Hello All -
Question how everyone handles their schema management for staging data versus transformations done on staging data.
It’s a good rule of thumb to not let users access the staging data, because as you build a warehouse you often need to constantly change how the staging and transformation process works, and if users write analytics/reports directly against the staging data the analytics will end up breaking as you change the staging and loading processes. And if users can somehow find and access data they will write reports against it one way or another.
To enable this, in a “traditional” DW, I am accustomed to having a separate schema or even database for the staging data versus the end-user accessible transformed data area and using the schema as a global way to ensure that the groups/roles to which end-users are assigning are blocked from the staging area.
We are trying to figure out how to handle this with dbt. With our current warehouse project in Snowflake, we have a “staging” schema and an “analytics” schema. We have multiple analysts editing and working on dbt code and data transformations.

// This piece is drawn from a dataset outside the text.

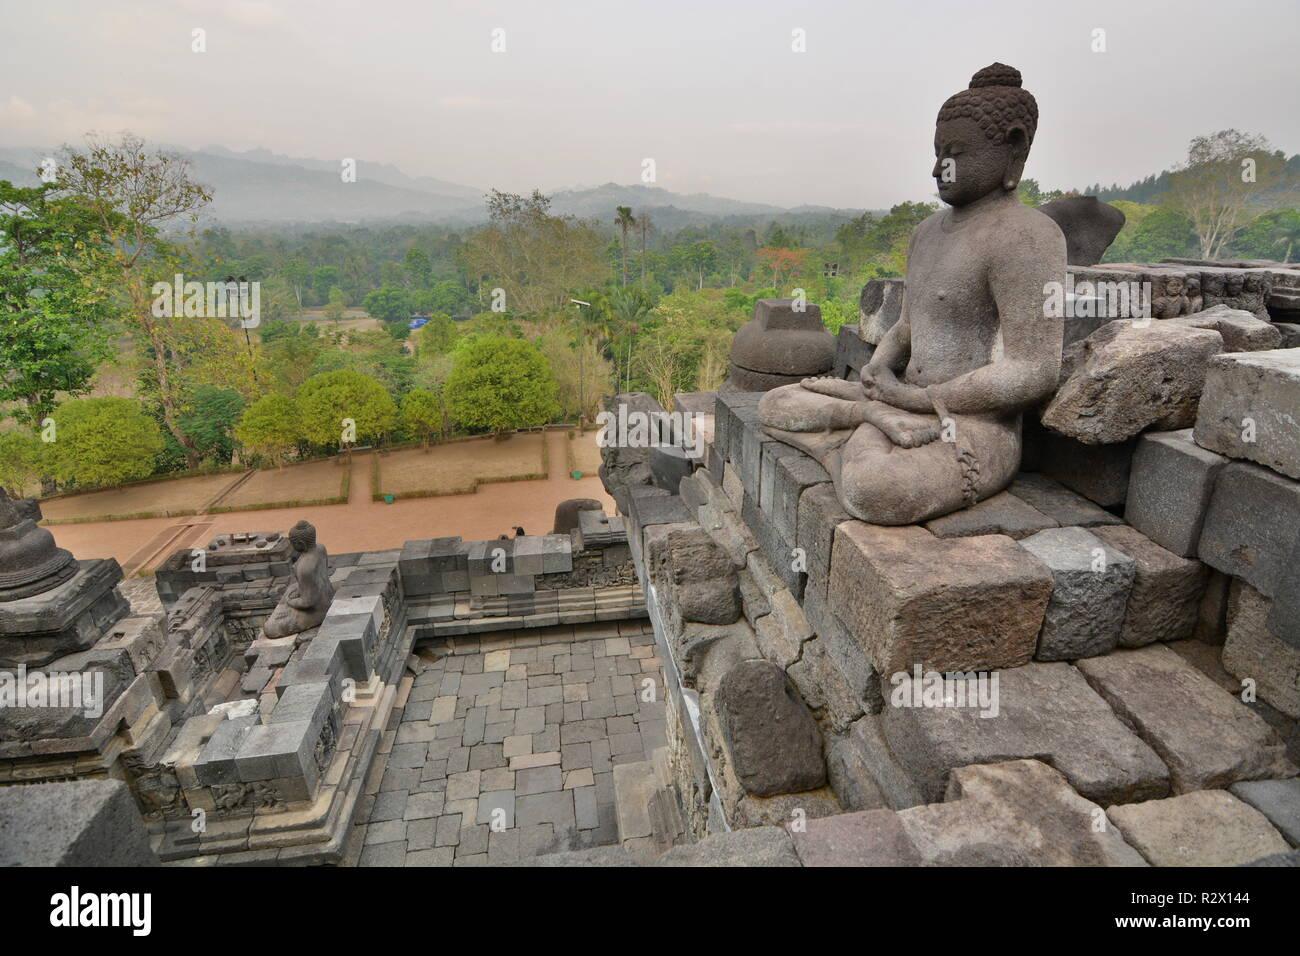 Borobudur buddhist temple. Magelang. Central Java. Indonesia - Stock Image

We also want to keep all of the dbt transformations in one dbt project to have one DAG that makes understanding the data workflow simpler for all concerned rather than splitting “staging” processing into one dbt project and “analytics” processing into another.
The problem that we are encountering is that in order to allow analysts to be working on different code branches and data transformation flows independently, we want to use dbt’s capabilities to allow them to just rename the schema and dbt should automatically create their own independent schemas. However, this doesn’t work so well with the staging schema because we only want to maintain one copy of that, and some of the dbt tasks involve creating additional worktables and views in the staging schema. We also have some parts of the process that go staging -> analytics -> staging -> analytics because of the complexity of some transformations.
How do others handle this? Do you just put everything in one schema and try to be careful at a granular level about granting end-users access to only particular tables/views? Does everybody get their own copy of two schemas? Or are we just over-complicating all of this?
Thanks in advance for any thoughts!